Поль Бурже - Ученик
— Так, — сказал Сикст, взглянув на чемодан. — Сейчас же купите мне другой чемодан, вроде этого, и уложите в него все, что необходимо для поездки.
— Значит вы уезжаете, господин Сикст? — растерялась мадемуазель Трапенар.
— Да, на несколько дней. — Но ведь у вас ничего нет, что требуется в дороге, — заметила старая экономка. — Разве можно пускаться в путь без пледа, без…
— Купите все, что нужно, — перебил ее философ, — и, пожалуйста поторопитесь: поезд отходит в девять часов.
— Я тоже поеду? — Вам незачем ехать, — ответил Сикст. — Но имейте в виду, времени осталось в обрез..
— Как бы он не загубил себя, — заметил Карбоне, когда Мариетта рассказала в привратницкой о новом событии, почти так же удивившее этот мирок, как потрясла бы его, например, весть о женитьбе философа.
— Хоть бы взял меня с собой! — сказала служанка в ответ на свои, мысли. — Я поехала бы с ним, даже если бы пришлось из своего кармана за билет заплатить…
Одно это восклицание, столь трогательное в устах женщины, некогда прибывшей в Париж из департамента Ардеш, чтобы поступить в услужение, и доводившей экономию до того, что она кроила себе кофты из старых сюртуков хозяина, доказывало лучше всего, до какой степени обеспокоила всех этих простых людей перемена, происшедшая в характере философа, который в те дни действительно переживал очень тяжелый нравственный кризис. Не подозревая, что за ним наблюдают, он выдавал крайнюю остроту своих волнений в малейших жестах ив каждой черте лица. Таких тяжелых "часов не было в жизни г-на Сикста с тех пор, как умерла его мать.

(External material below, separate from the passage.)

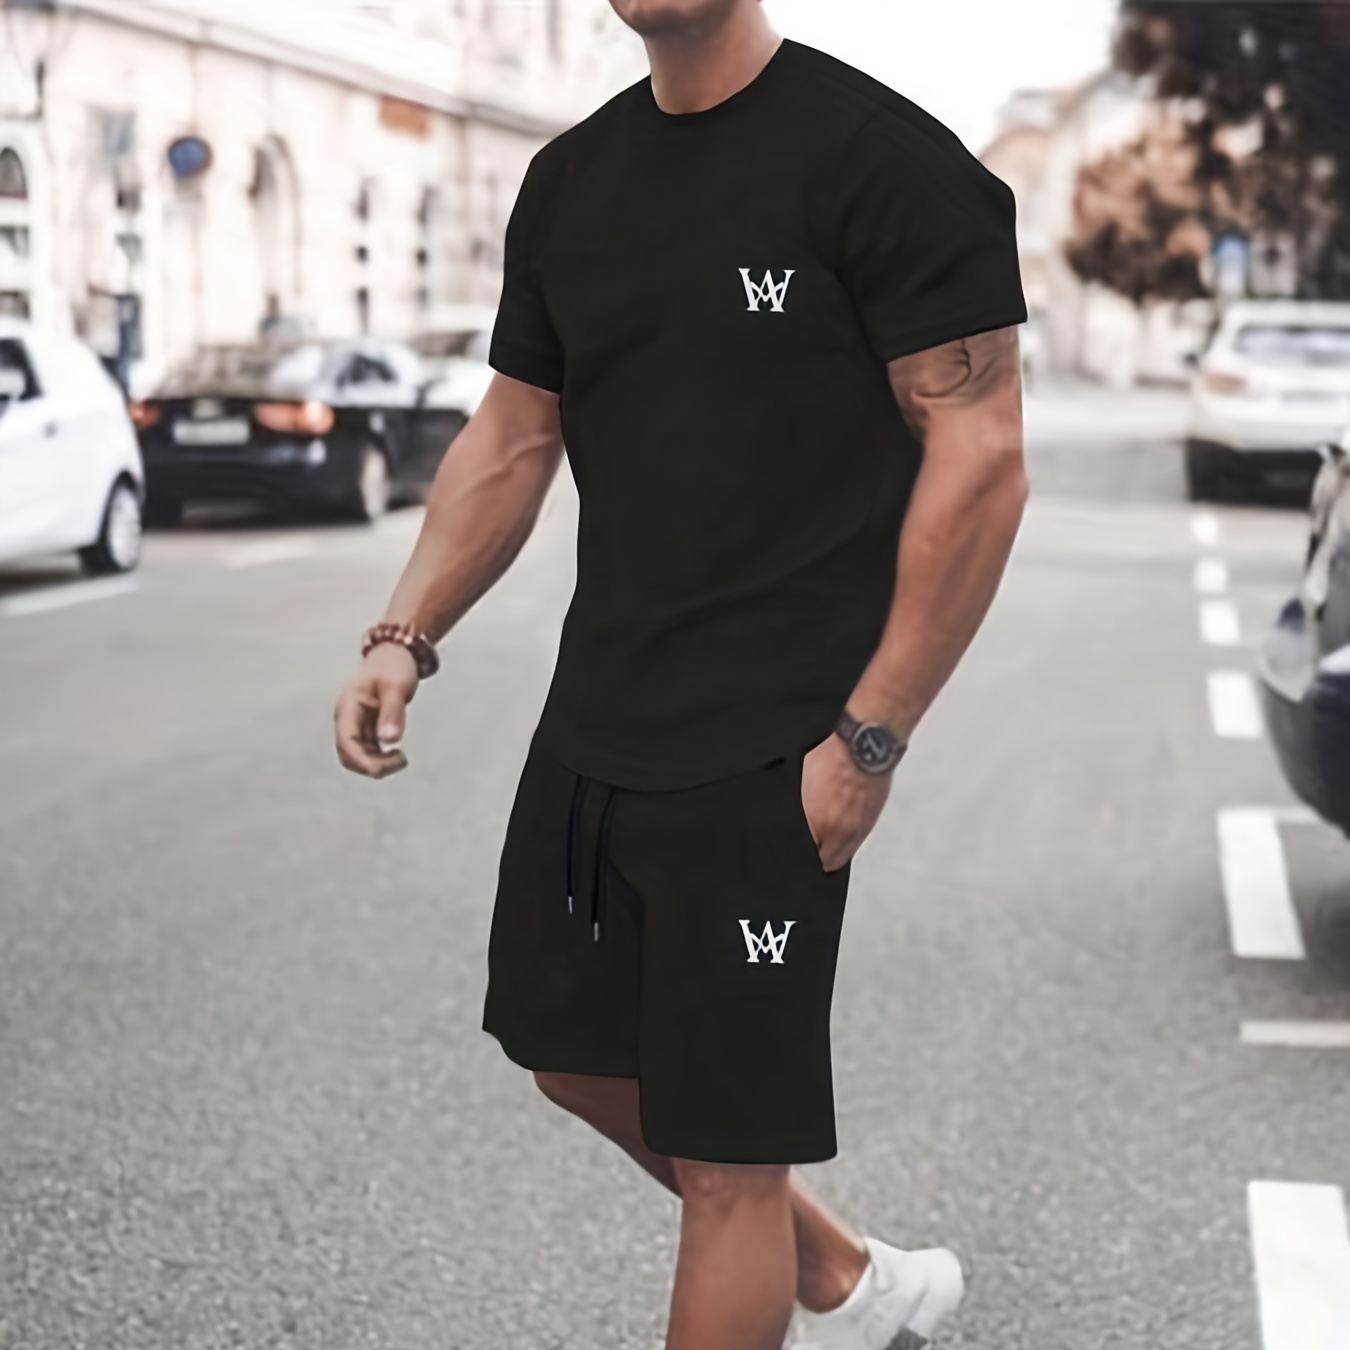 

Men's Casual W Letter Print Pajama Set For Summer, Crew Neck Short Sleeve Printed Graphic T-shirt Top & Drawstring Shorts With Pockets, Loungewear Set

К тому же в те далекие дни его переживания, связанные с непоправимой утратой, ограничивались об ластью личных чувств, тогда как записки Робера Грелу затронули всю полноту его умственной жизни, самое дорогое для него, то, в чем он видел смысл существования. Отдавая Мариетте распоряжение приготовить чемодан, философ испытывал тот же непреодолимый страх, как и тогда, когда ночью впервые перелистывал тетрадь с исповедью Грелу. Гнетущее состояние овладело им с первых же страниц повествования, где с таким смешением гордости и стыда, цинизма и простодушия, низости и благородства разбиралось и как бы выставлялось напоказ преступное заблуждение человеческого ума. Когда ученый дошел до фразы, в которой Робер Грелу заявлял, что тесно и нерасторжимо связан с ним, философ содрогнулся, и так же содрогался он при каждом новом, упоминании своего имени в этом необыкновенном анализе, при каждой цитате из его книг, которые давали право этому странному юноше называть себя его учеником.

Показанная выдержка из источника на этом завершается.